Jusqu’ici les Panamax * peuvent transporter jusqu’à 4500 conteneurs, mais à partir de 2016, ils pourront en porter jusqu’à 12500.

Elargissement Canal Panama bouleverse activité des ports américains - Actualités 2014 Vivre-au-panama.com (2)* Panamax : Navire présentant les dimensions maximales autorisées pour le transit à travers le canal de Panama, c’est-à-dire, aujourd’hui, 290 mètres de long, 32 mètres de large et un tirant d’eau de 12,5 mètres.

Progressivement délaissée des routes maritimes en raison de l’augmentation des gabarits des navires, la voie panaméenne est ainsi replacée au cœur des réseaux maritimes par l’Autorité du canal de Panama (ACP) ; qui espère attirer, à terme, au moins 25 % des échanges commerciaux entre l’Asie et l’Atlantique.

Aux États-Unis, l’arrivée proche d’un nouveau flux de navires dans l’Atlantique, sonne le départ d’une campagne nationale de mise aux normes des ports du golfe du Mexique et de la côte Est.

Une logistique de transport fluide

Le port est une interface, un lieu d’échange ; les marchandises y passent mais n’y demeurent pas et plus vite elles transitent, plus les coûts diminuent.
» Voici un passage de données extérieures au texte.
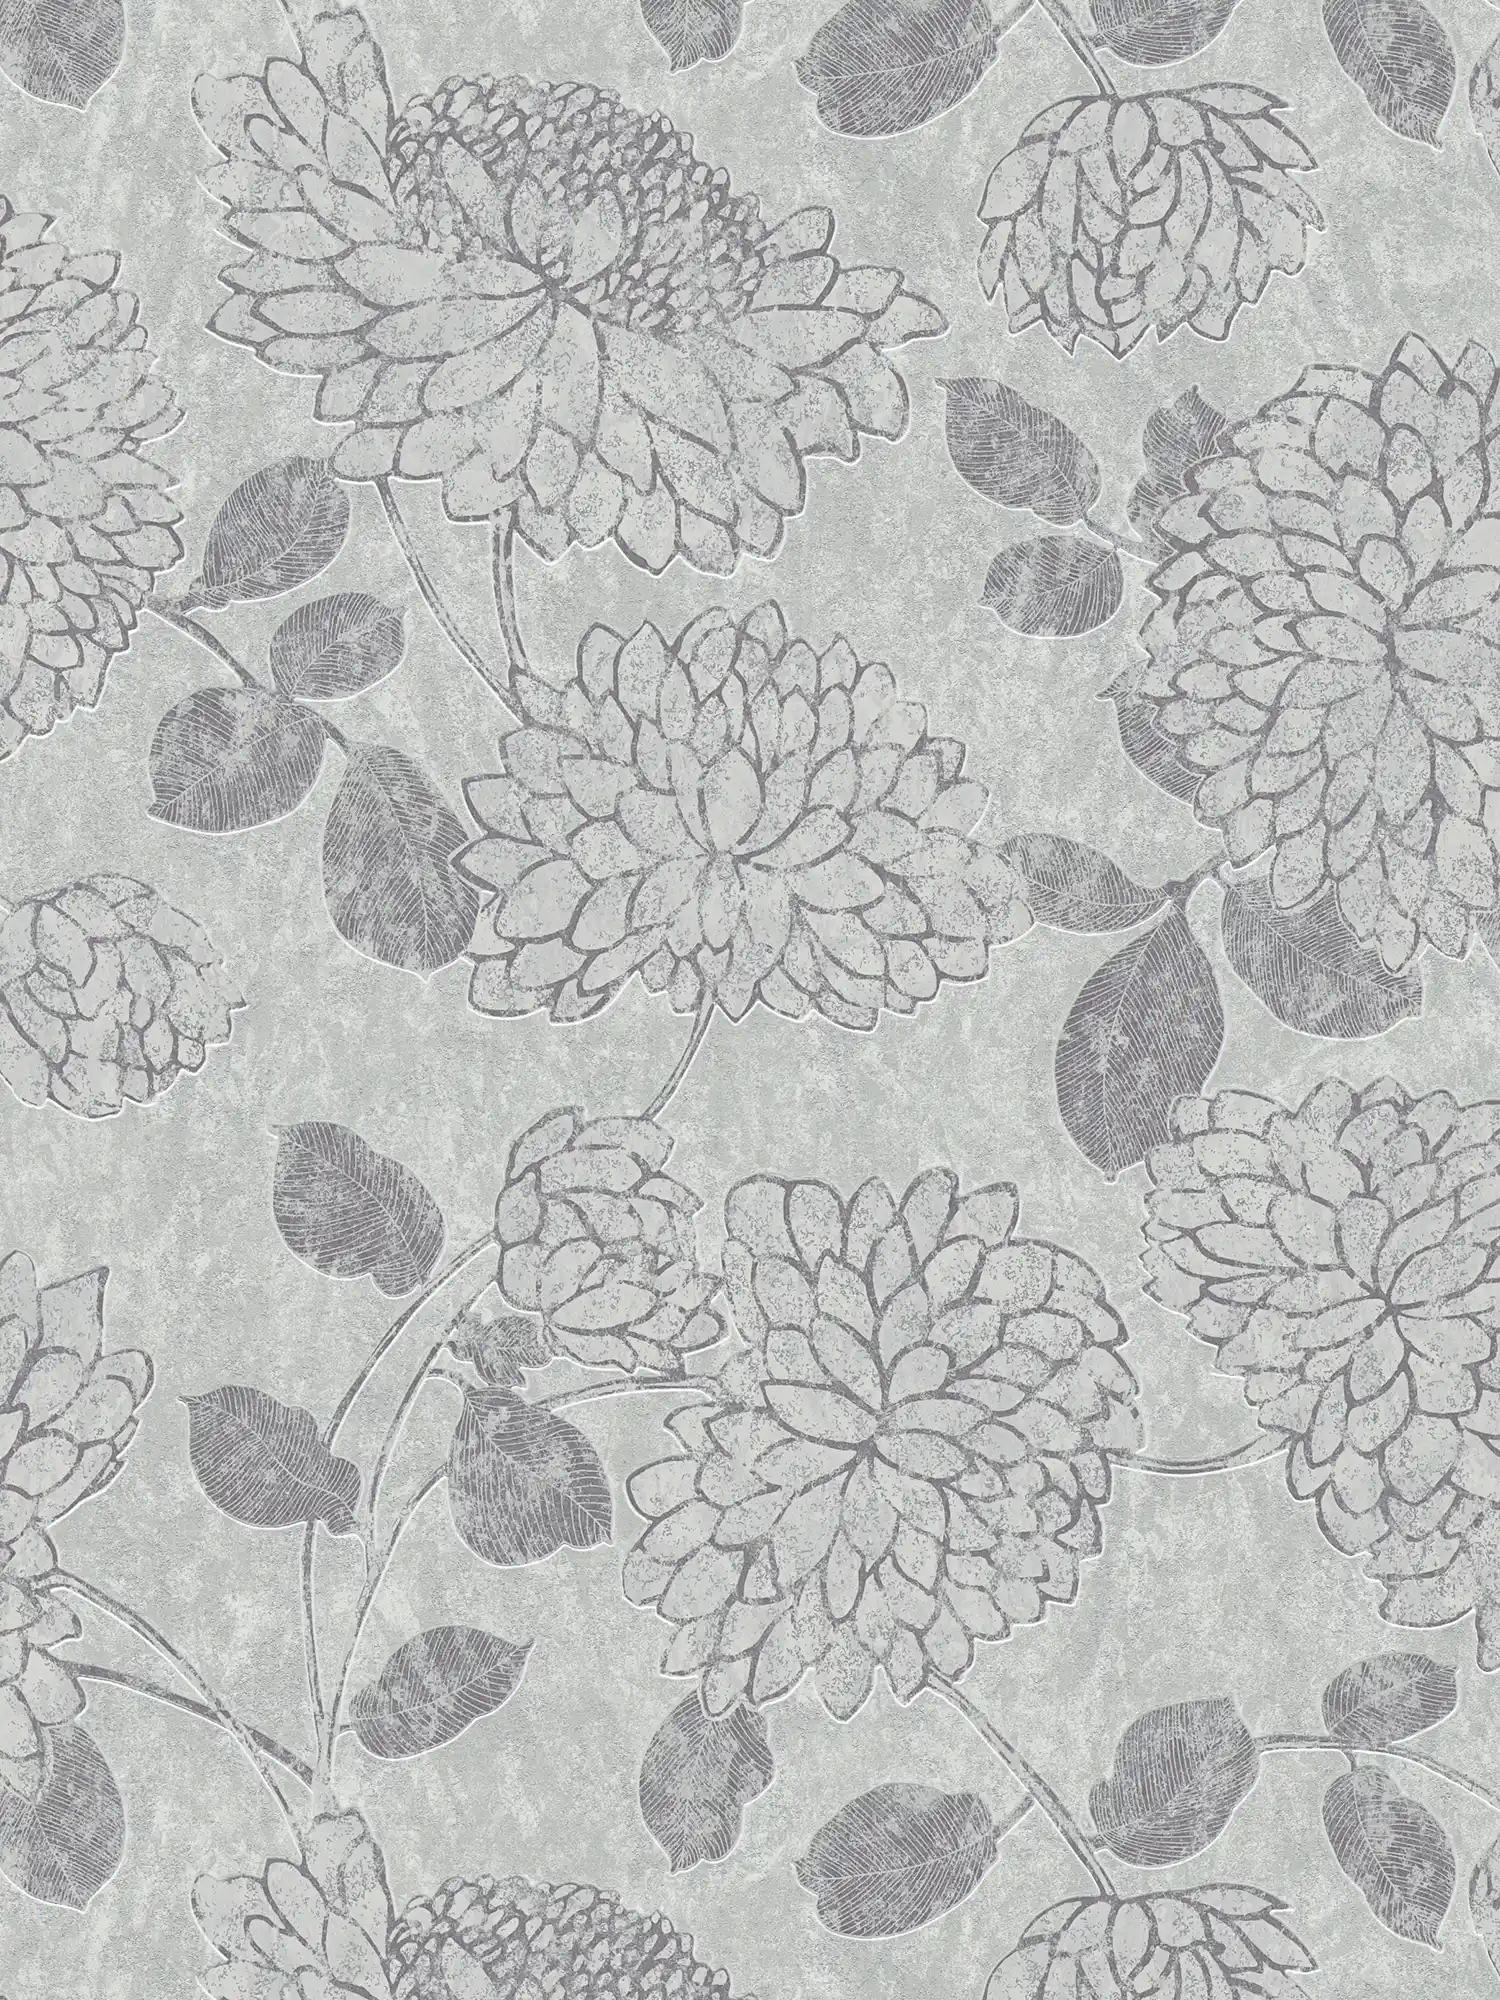 Vliestapete mit Blumenmuster und Glanz-Effekt – Hellgrau, Silber

Les importations américaines en provenance d’Asie sont pratiquement toutes conteneurisées. Les trois-quarts sont d’abord débarqués sur la côte Pacifique avant d’être redistribués dans l’arrière-pays.

Les grands ports comme Los Angeles/Long Beach, Oakland, Portland ou Seattle sont équipés de terminaux intermodaux depuis lesquels les conteneurs sont stockés avant d’être rechargés sur des trains ou des camions en direction de l’immense réseau de fret qui parcourt le pays. Ce système intermodal * est le principal outil de transport de marchandises aux États-Unis. Avec un canal impraticable, les ports de la côte Ouest ont progressivement acquis le statut de porte d’entrée principale des marchandises asiatiques aux Etats-Unis.

* Système intermodal : C’est-à-dire le transport d’un conteneur entre son lieu d’origine et sa destination à l’aide d’au moins deux modes de transport distincts (bateau, barge, route, rail…). Le commerce par barge est également développé aux États-Unis grâce à l’axe Nord-Sud offert par le Mississippi et ses ramifications, mais il n’en est pas question sur la façade Ouest.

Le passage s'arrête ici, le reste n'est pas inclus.